Рассказы бабушки Элизабет о родном Нувукане рождали любопытство и у Сьюзен. Она усердно изучала русский язык в школе и в Аляскинском университете в Фэрбенксе, жадно читала советские книги и журналы.
Раннее замужество и дети не позволили Сьюзен закончить университет.
Своим интересом к России, русскому языку и Чукотке она заразила и брата.

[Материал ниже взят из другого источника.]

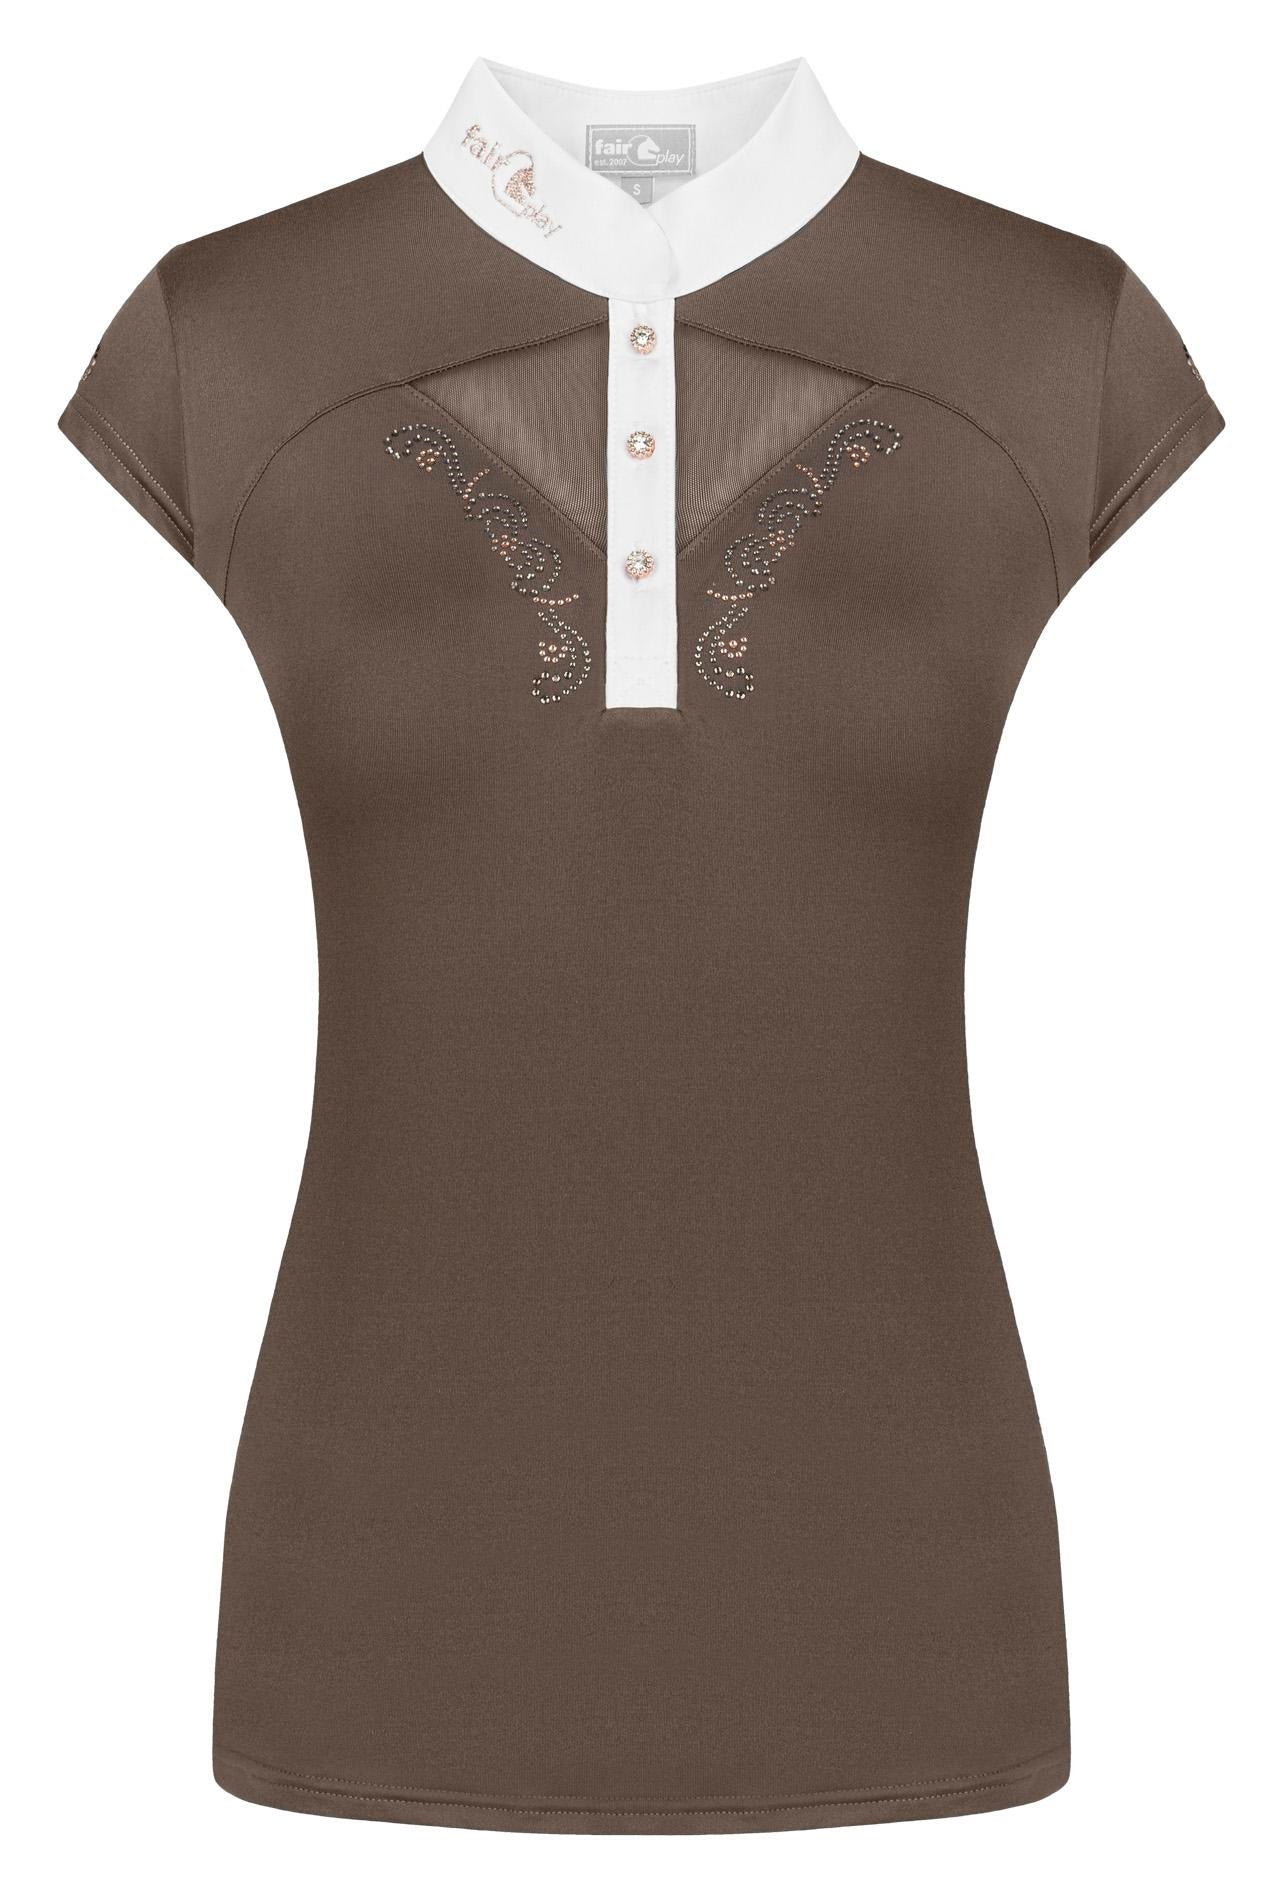 Fairplay Cathrine Rosegold Sleeveless Competition Shirt

После окончания биологического факультета университета Роберт Карпентер устроился в исследовательскую лабораторию Департамента рыбы и дичи. Он предложил установить мониторинг по изучению миграции крупных морских млекопитающих в южной части Ледовитого океана и Берингова пролива и привлечь к этой работе местных охотников Чукотского полуострова Это предложение неожиданно нашло щедрую и горячую поддержку руководства Департамента геологии Соединенных Штатов Америки.
Во время короткой стоянки в Номе на борт «Маккинли» поднялась группа американских эскимосов, в основном жителей острова Святого Лаврентия. В тот же вечер в лекционном зале лайнера профессор университета в Фэрбенксе, специалист по языкам и этнографии коренных жителей Аляски, Майкл Кронгауз прочитал для пассажиров лекцию.
Сами коренные аляскинцы держались несколько в стороне. Они даже остерегались появляться в баре, хотя были большими любителями горячительных напитков. К этому времени алкоголизм в национальных селах Аляски если и не был полностью побежден, то существенно ограничен.
В группе выделялся высокий поджарый эскимос Дуайт Мылыгрок, известный резчик по моржовой кости с острова Малый Диомид. Он сидел в первом ряду и внимательно слушал лектора.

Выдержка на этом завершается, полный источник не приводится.